→ **How to complete this task**
Below are some records. Return exactly the lines from the one containing "Sir Paul McCartney" through the one containing "kacey+ted_duluth_elopement-616", both included, and only those.

→ **Source data**
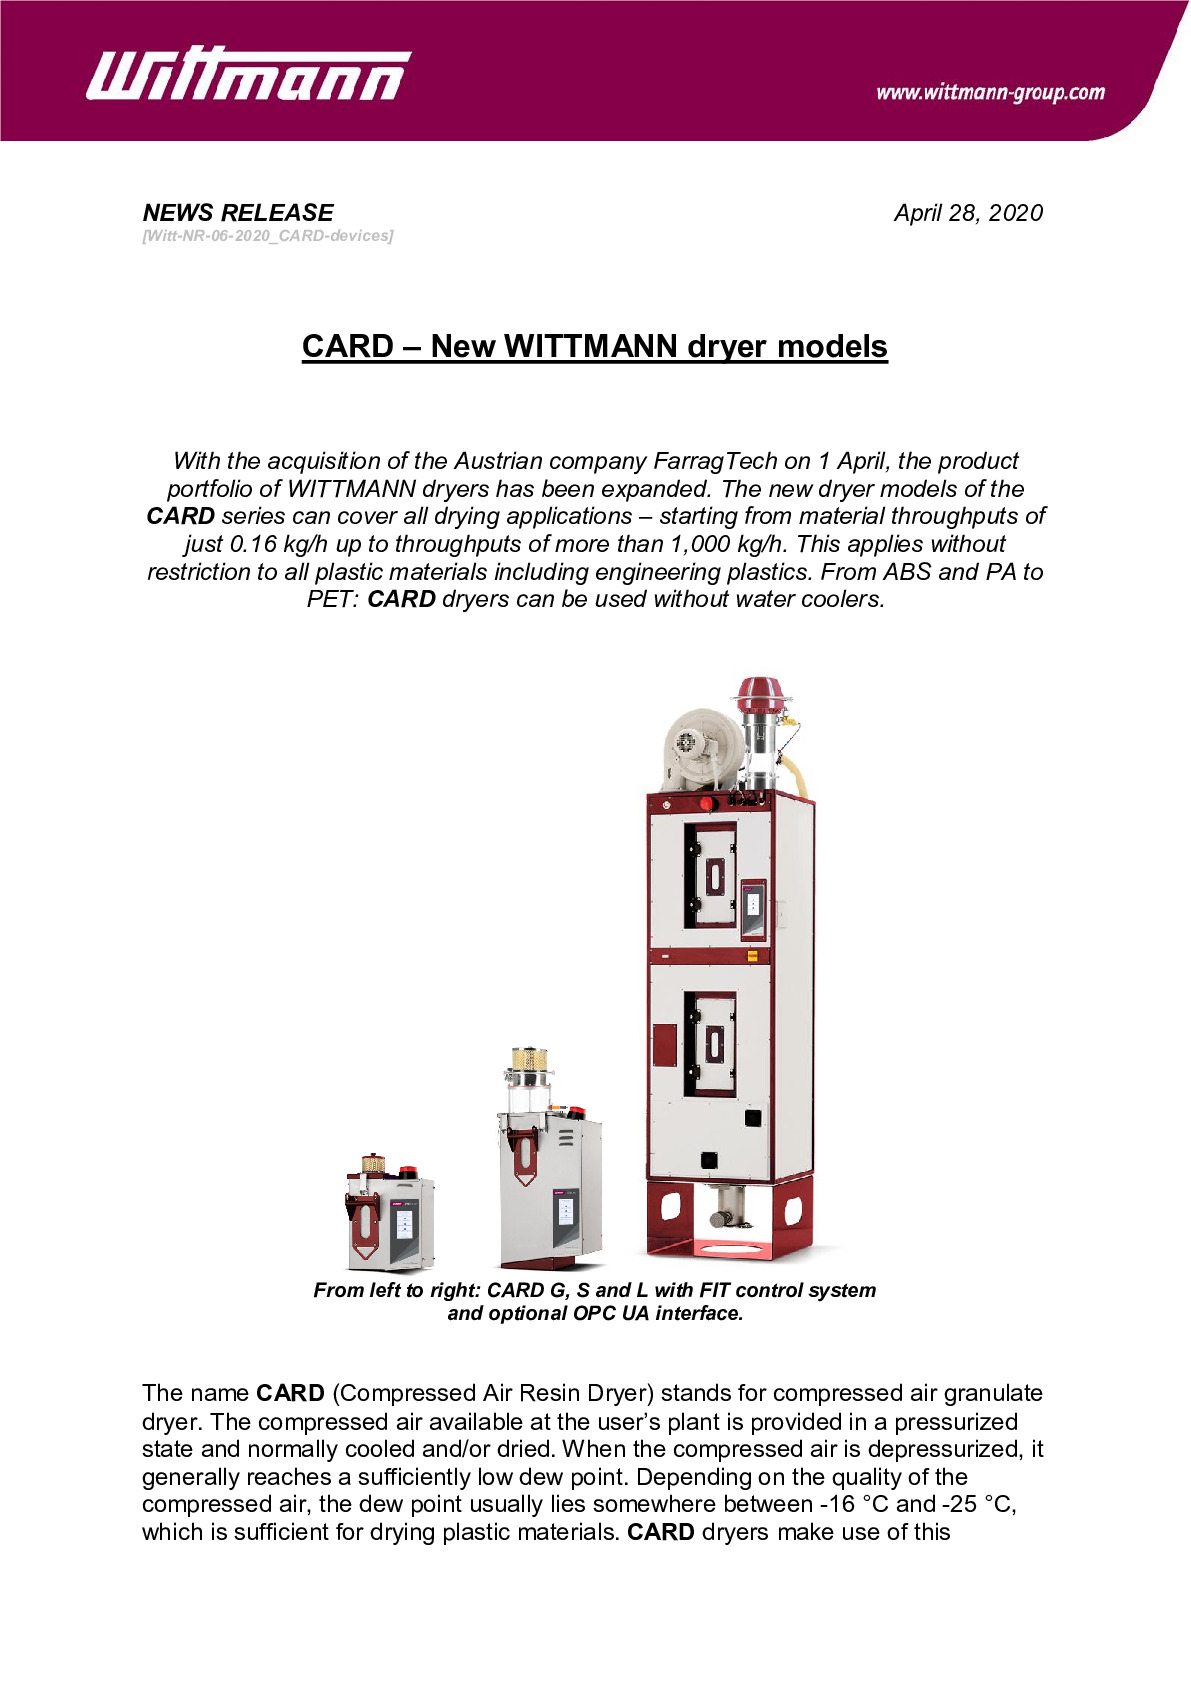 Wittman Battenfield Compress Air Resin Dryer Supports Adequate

...

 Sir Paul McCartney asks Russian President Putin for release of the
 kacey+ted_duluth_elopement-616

→ **Output below**
 Sir Paul McCartney asks Russian President Putin for release of the
 kacey+ted_duluth_elopement-616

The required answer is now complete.